Why is $\pi/2$ omitted from the solution of $\cot x = 3 \sin 2x$?

Question

Why is it that the solution of $$\cot x = 3 \sin 2x \quad(\text{for the interval}\; -\pi < x < \pi)$$ does not include $\pi/2$, even though if this is graphed, it shows intersections at $x = \pm\pi/2$?

Please see graph below. (The solutions mentioned are only four, to the exclusion of positive and negative $\pi/2$.)
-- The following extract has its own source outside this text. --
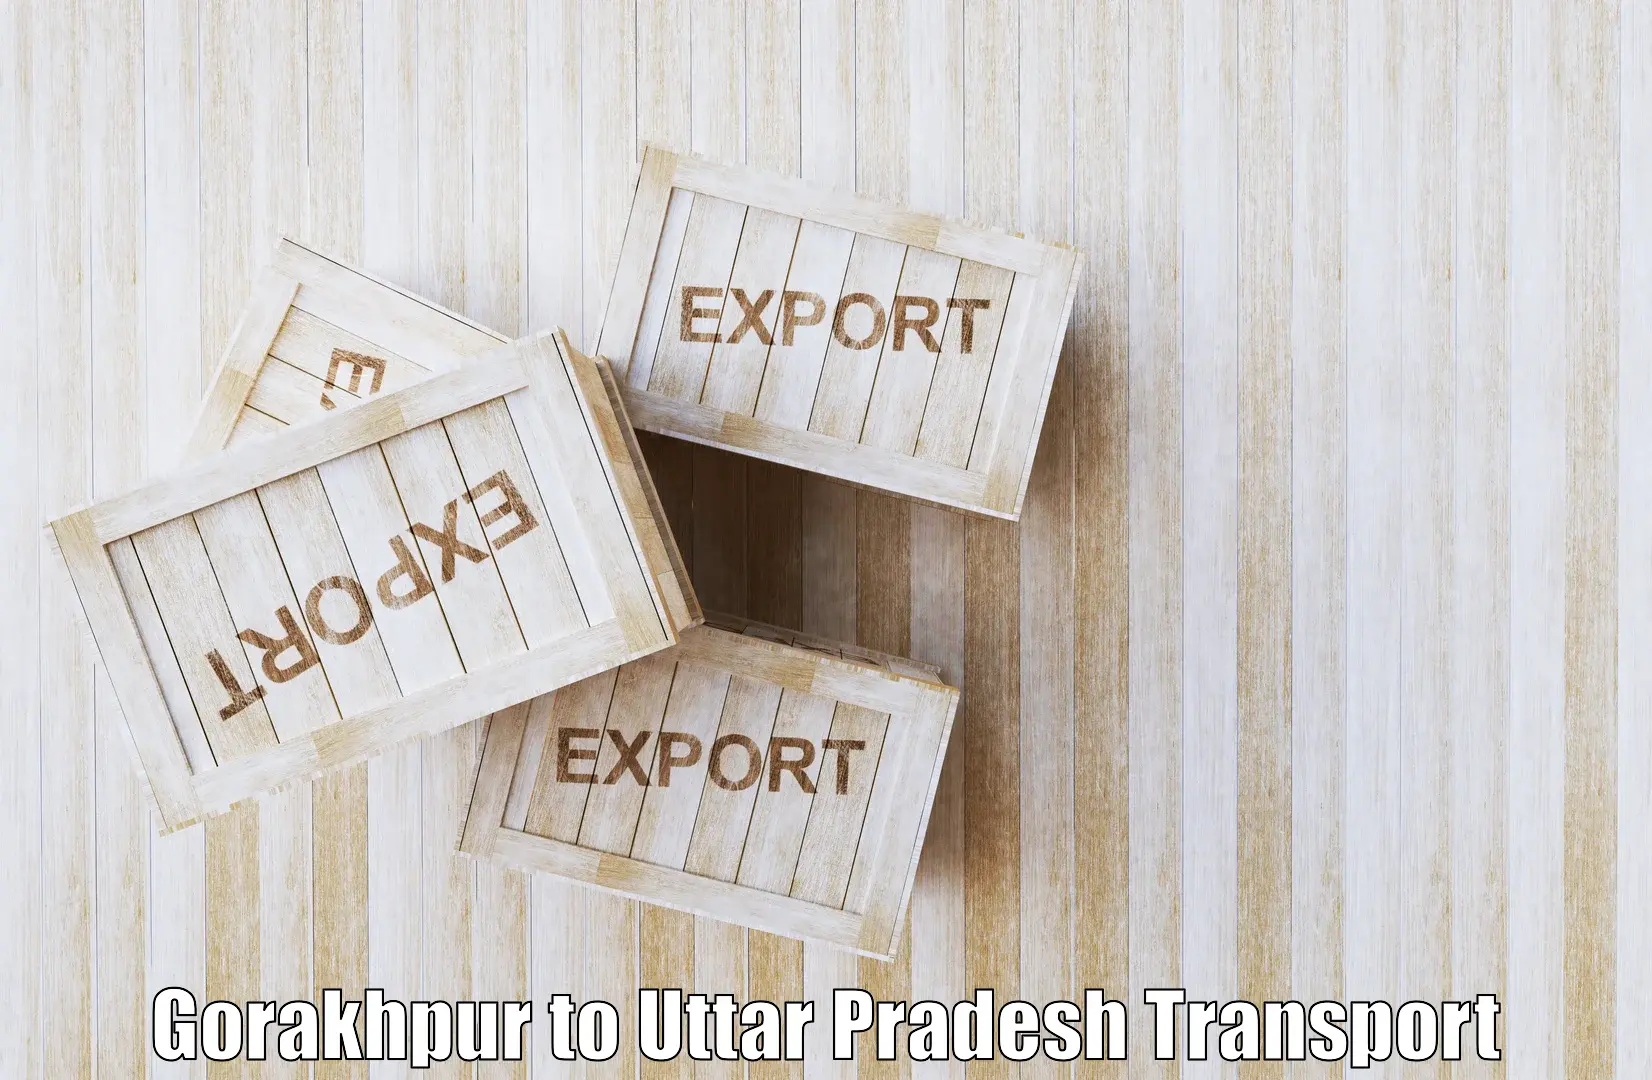 Container transportation services Gorakhpur to Prayagraj

Algebraically as well, one of the factors comes out to be $\cos x = 0$ (which should give $x = \pi/2$). (Hence the graph.)

Answer 1

You are right the values $x=\pm \frac{\pi}2$ are solutions of the equation

$$\cot x=3 \sin 3x \implies \cot \pm\frac{\pi}2=3 \sin \pm\pi=0$$

maybe it was not included since it is considered a trivial solution.

added after editing

The values $x=\pm \frac{\pi}2$ seem to be indeed included among the solutions.

Answer 2

There is no reason for not including $x=\pm \pi/2$ in the intersection set.

Surprisingly enough they have the $x=\pm \pi/2$ as solultions but they did not list them as solutions because of the quadrant confusion.

Which quadrant are $x=\pm \pi/2??$ in??